Given information:
┄┄┄┄┄┄┄┄┄┄

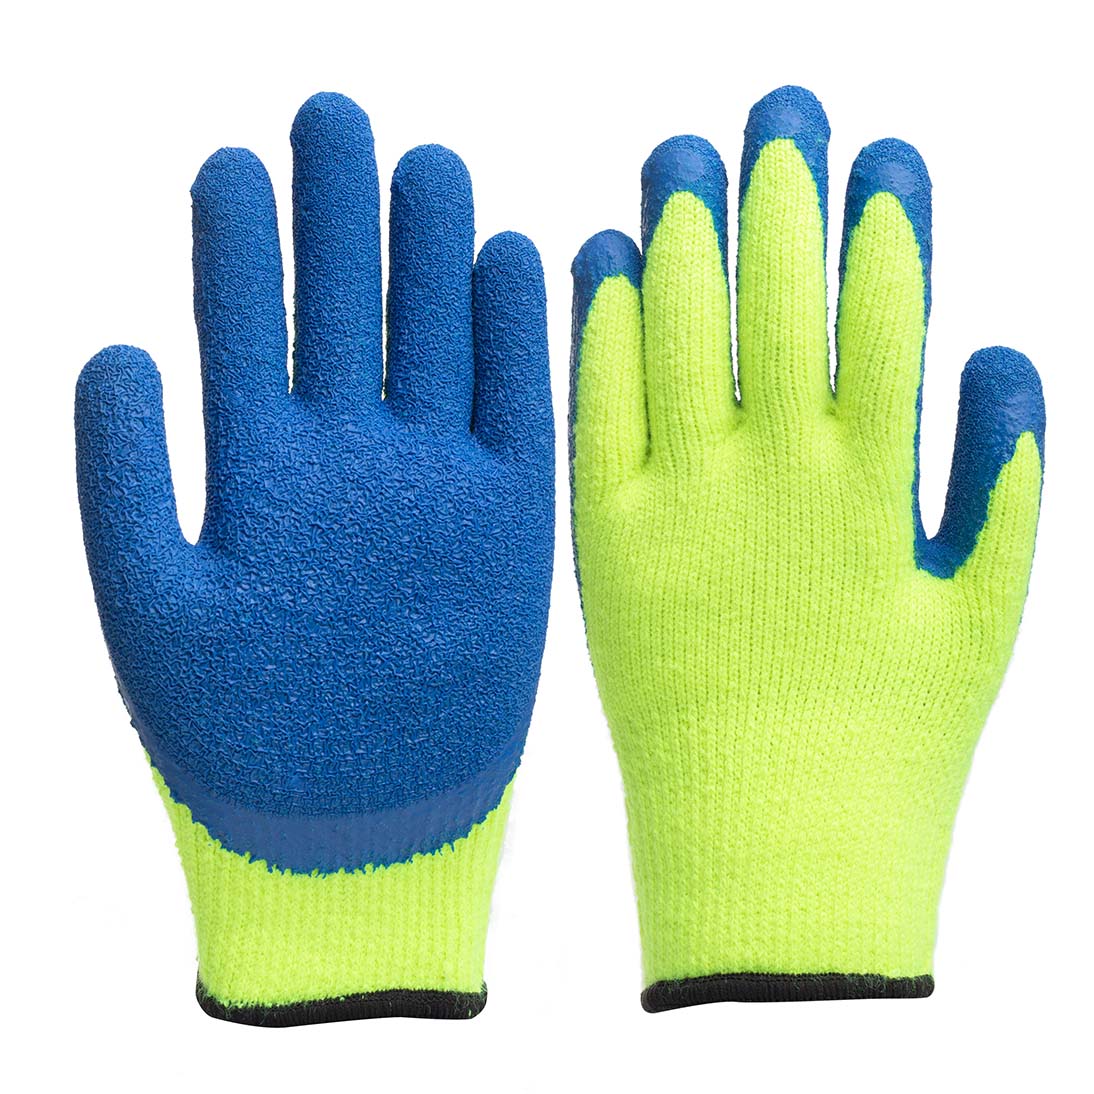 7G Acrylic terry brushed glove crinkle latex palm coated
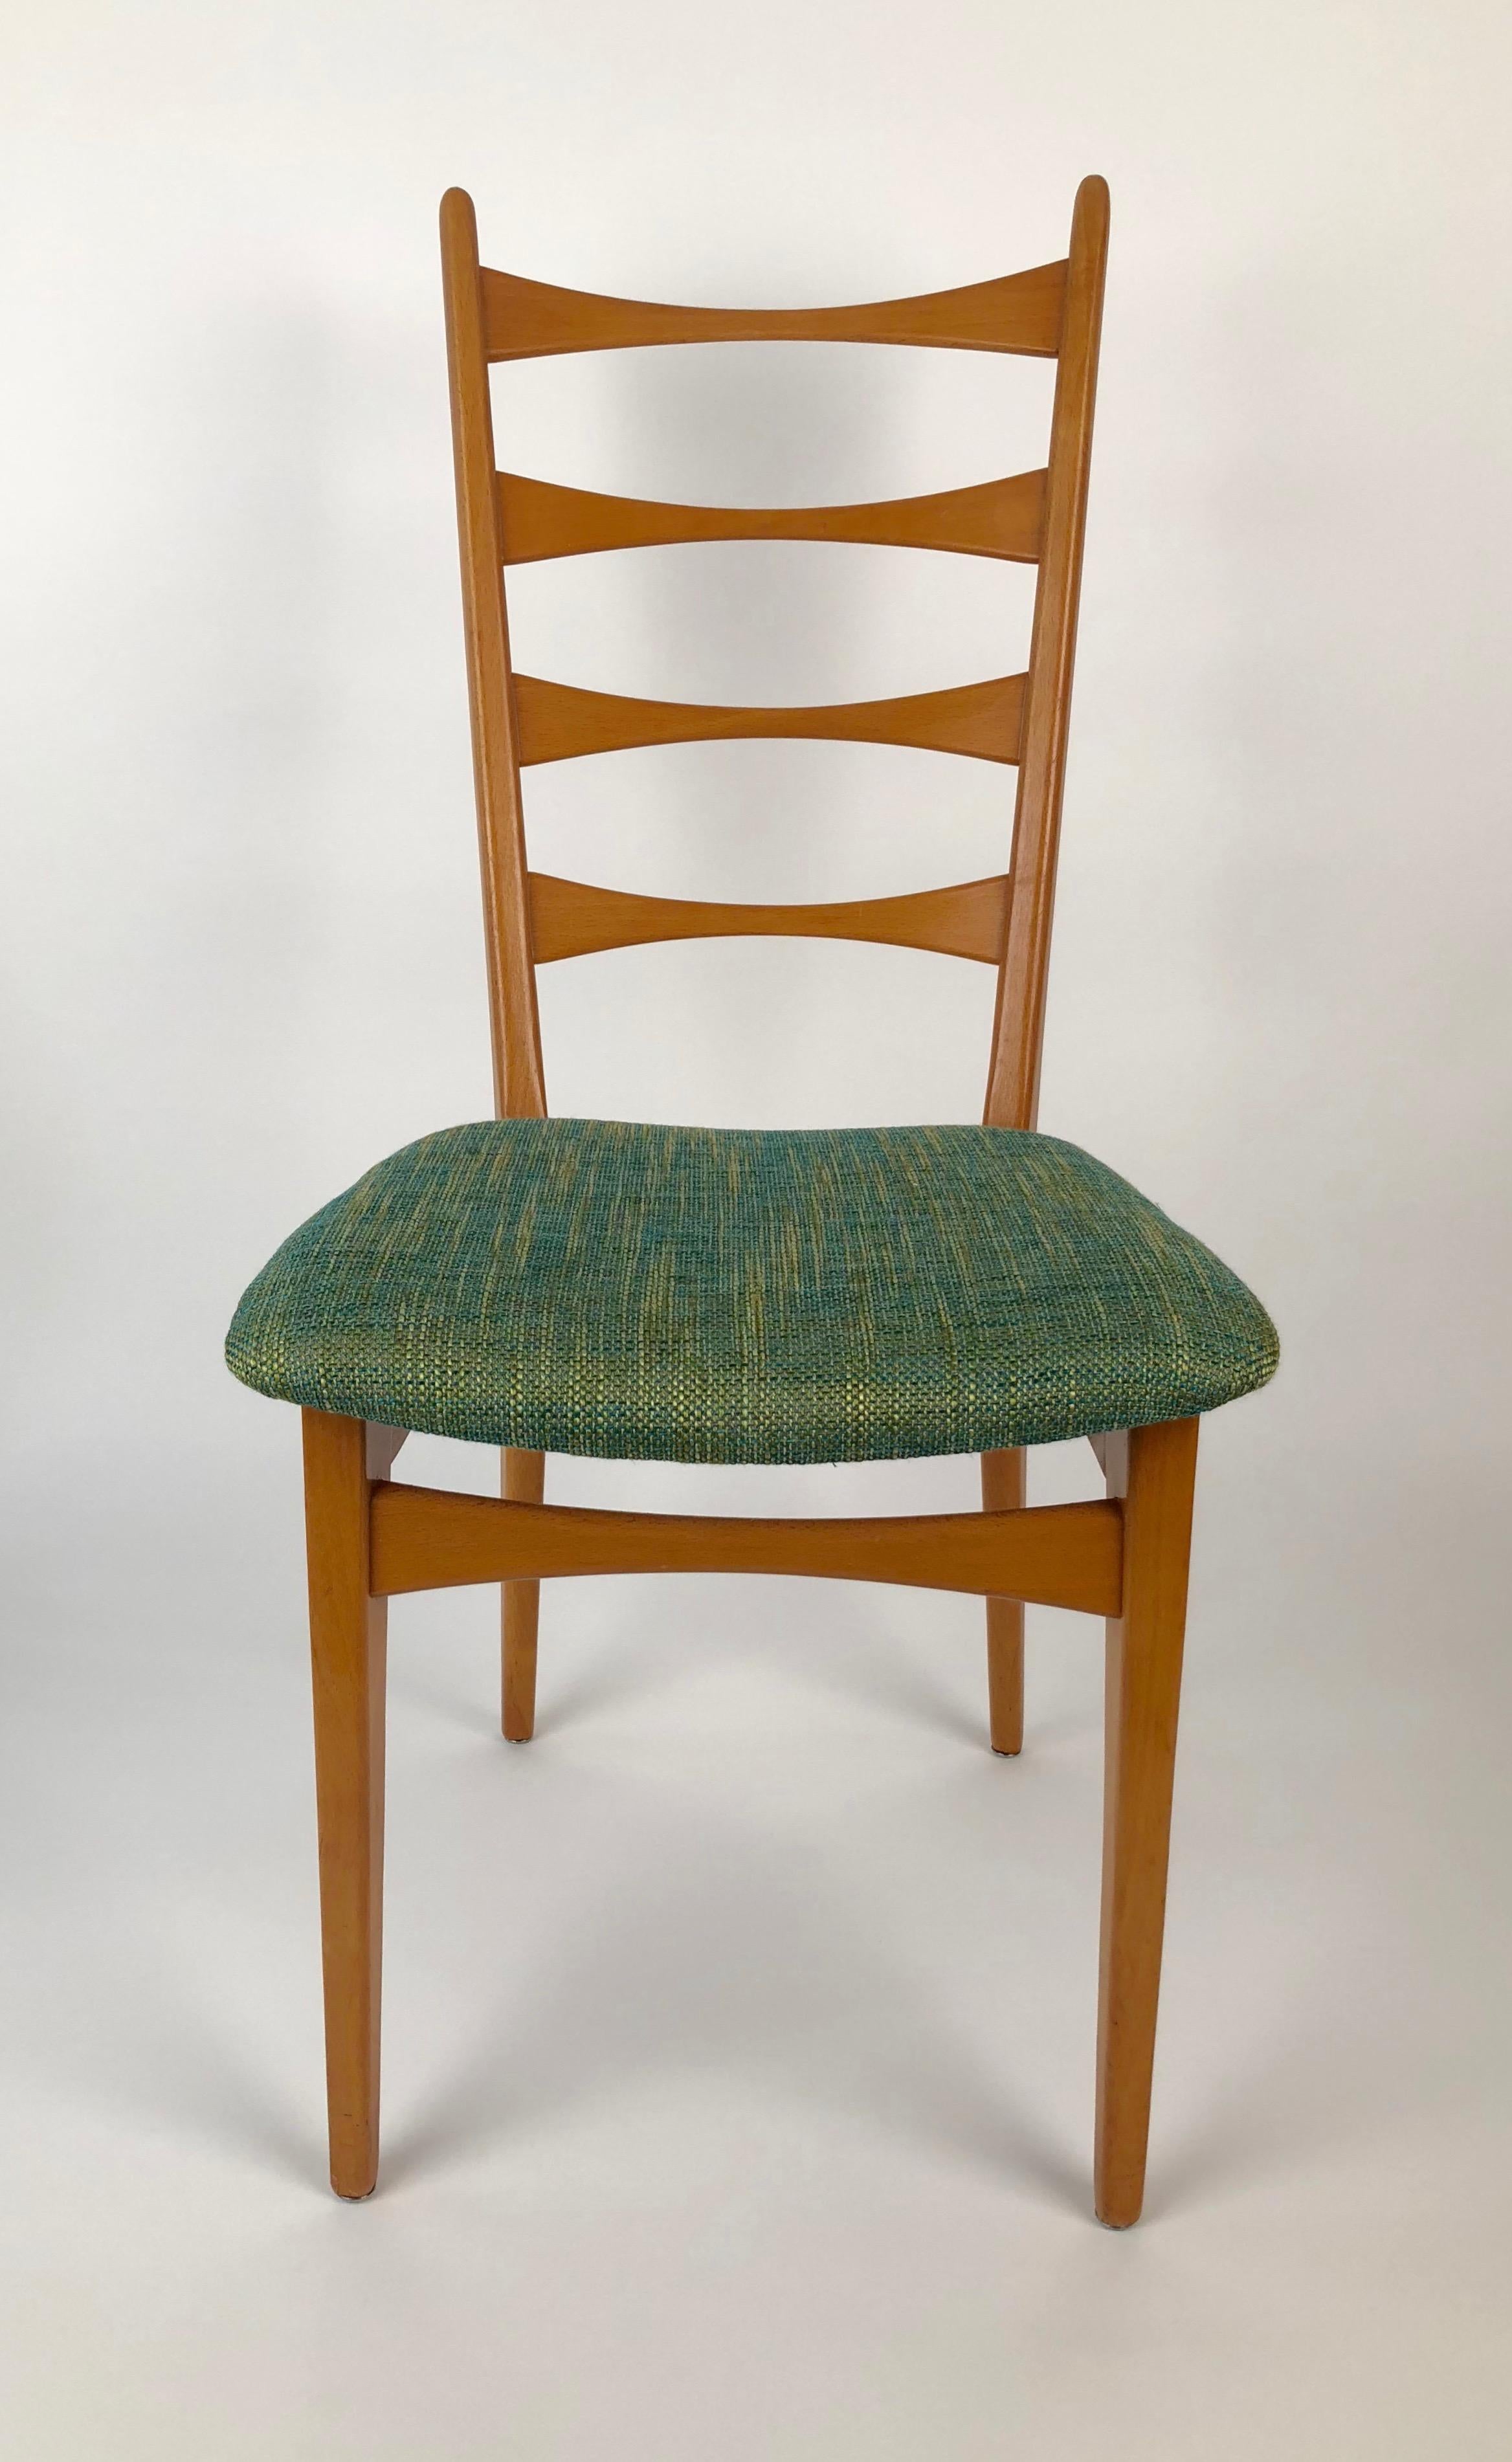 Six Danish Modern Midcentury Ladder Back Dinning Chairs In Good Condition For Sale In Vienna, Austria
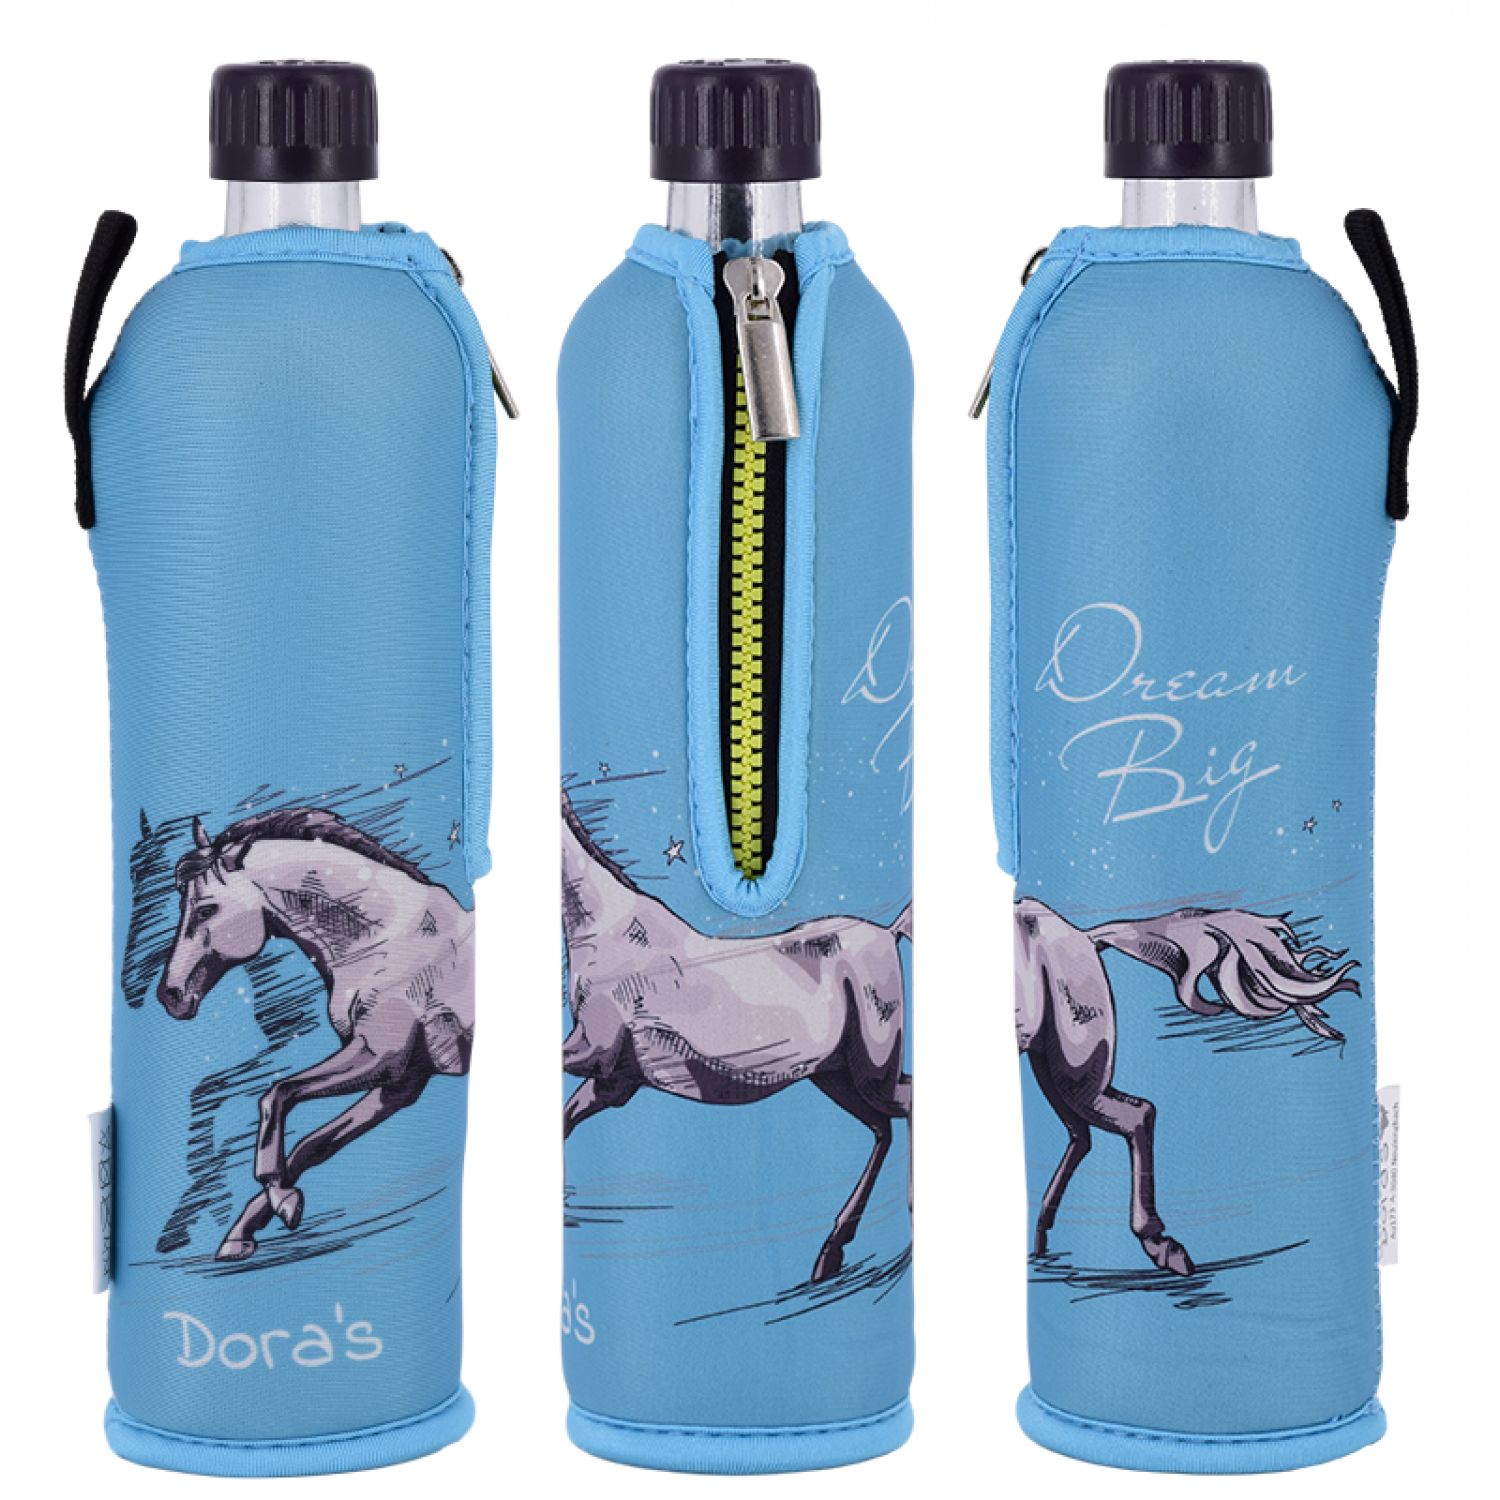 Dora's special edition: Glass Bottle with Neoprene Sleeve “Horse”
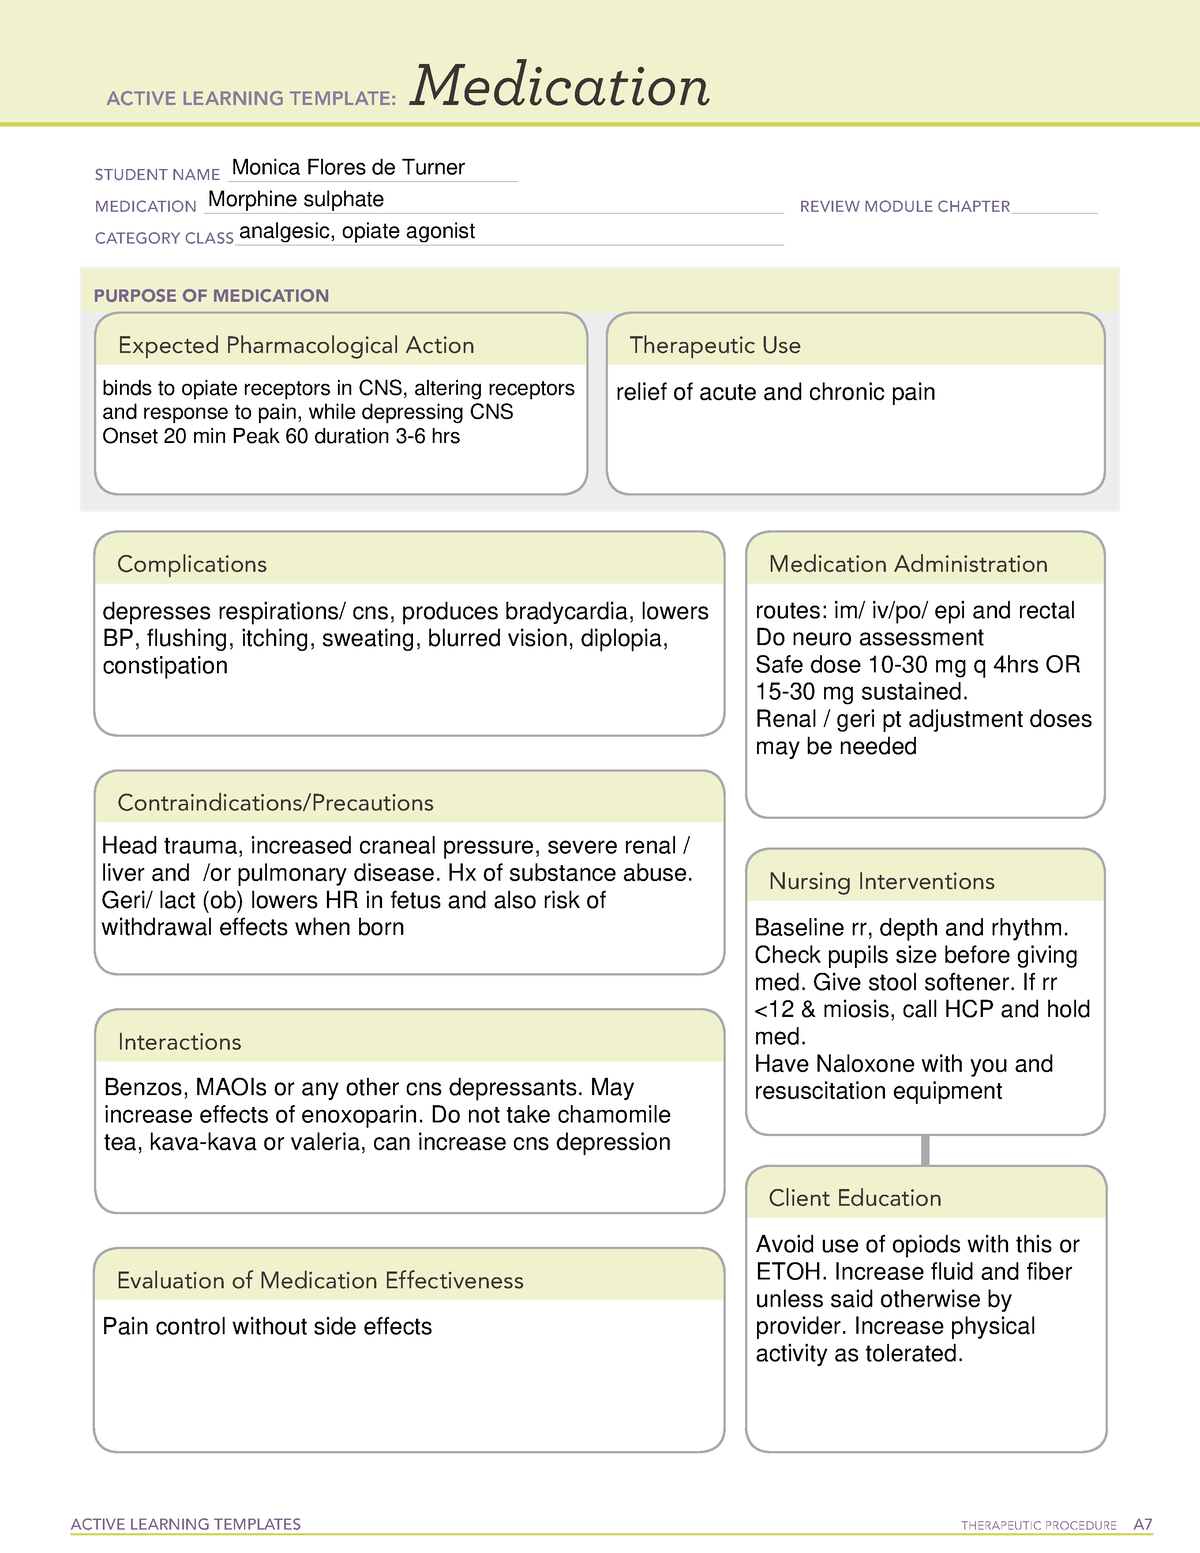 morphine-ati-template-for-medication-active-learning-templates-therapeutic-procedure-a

┄┄┄┄┄┄┄┄┄┄

What the task asks: Give again, word for word, only the lines that run from the top of the data above through the line with "Dora's special edition: Glass". Drop the pictures.

Answer to the exercise:
 7G Acrylic terry brushed glove crinkle latex palm coated
 Six Danish Modern Midcentury Ladder Back Dinning Chairs In Good Condition For Sale In Vienna, Austria
 Dora's special edition: Glass Bottle with Neoprene Sleeve “Horse”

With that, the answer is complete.